Center for American Progress

RELEASE: With Kerry in London for Anti-Corruption Summit, U.S. Has Opportunity to Increase its Own Financial Transparency and Lead International Anti-Corruption Efforts
Press Release

RELEASE: With Kerry in London for Anti-Corruption Summit, U.S. Has Opportunity to Increase its Own Financial Transparency and Lead International Anti-Corruption Efforts

Washington, D.C. — This week, U.S. Secretary of State John Kerry will attend an international anti-corruption summit in London. In light of the recent Panama Papers leak revealing the extent to which the global financial system—and offshore shell companies in particular—are exploited by criminals, terrorists, and corrupt officials, the summit offers an opportunity to strengthen global efforts to curb these abuses. In a column released today, the Center for American Progress highlights ways in which the United States could lead the global effort against corruption by first ensuring that it tackles financial opacity at home.

“The Panama Papers have shown the many completely legal ways kleptocrats and criminals hide dirty money within the international financial system,” said Molly Elgin-Cossart, CAP Senior Fellow and co-author of the column. “Loopholes—including in U.S. laws and regulations—enable corruption that eats away at economic development, starves treasuries of desperately needed revenue, destroys trust in government, and ultimately endangers national security. The United States has the potential to provide global leadership in catalyzing greater transparency and strengthening the global financial system, but it must first exorcise its own demons.”

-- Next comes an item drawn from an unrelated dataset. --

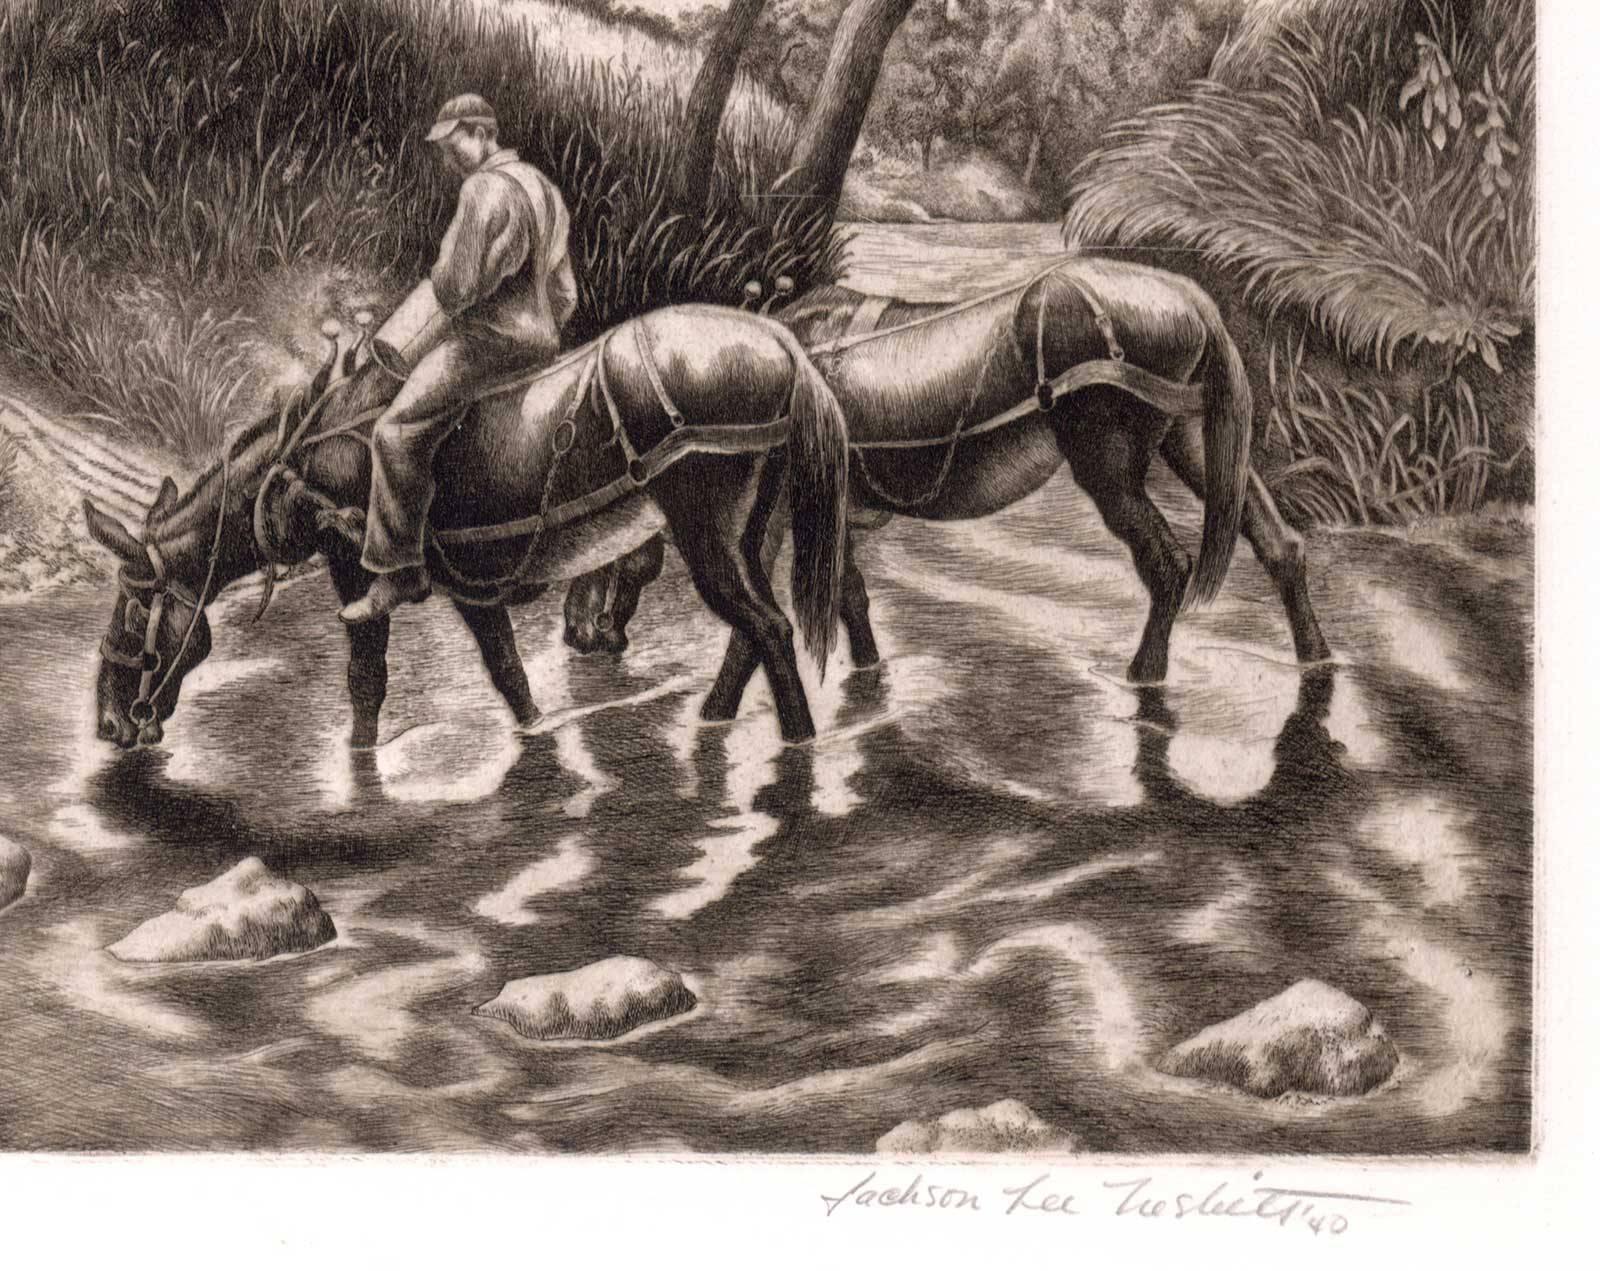 Watering Place (Scene was drawn while fishing along Illinois River in Oklahoma) - Print by Jackson Lee Nesbitt

The column calls for robust legislation to provide the right tools and vigilant enforcement required to prevent corruption. But, lacking that, it outlines several ways in which the United States could still make improvements and get its own house in order. Those include finalizing Securities and Exchange Commission rules for the public disclosure of payment information among natural resource investors; requiring beneficial ownership transparency for federal contractors; and supporting and strengthening regional anti-corruption bodies and the enforcement of the Organization for Economic Cooperation and Development Anti-Bribery Convention.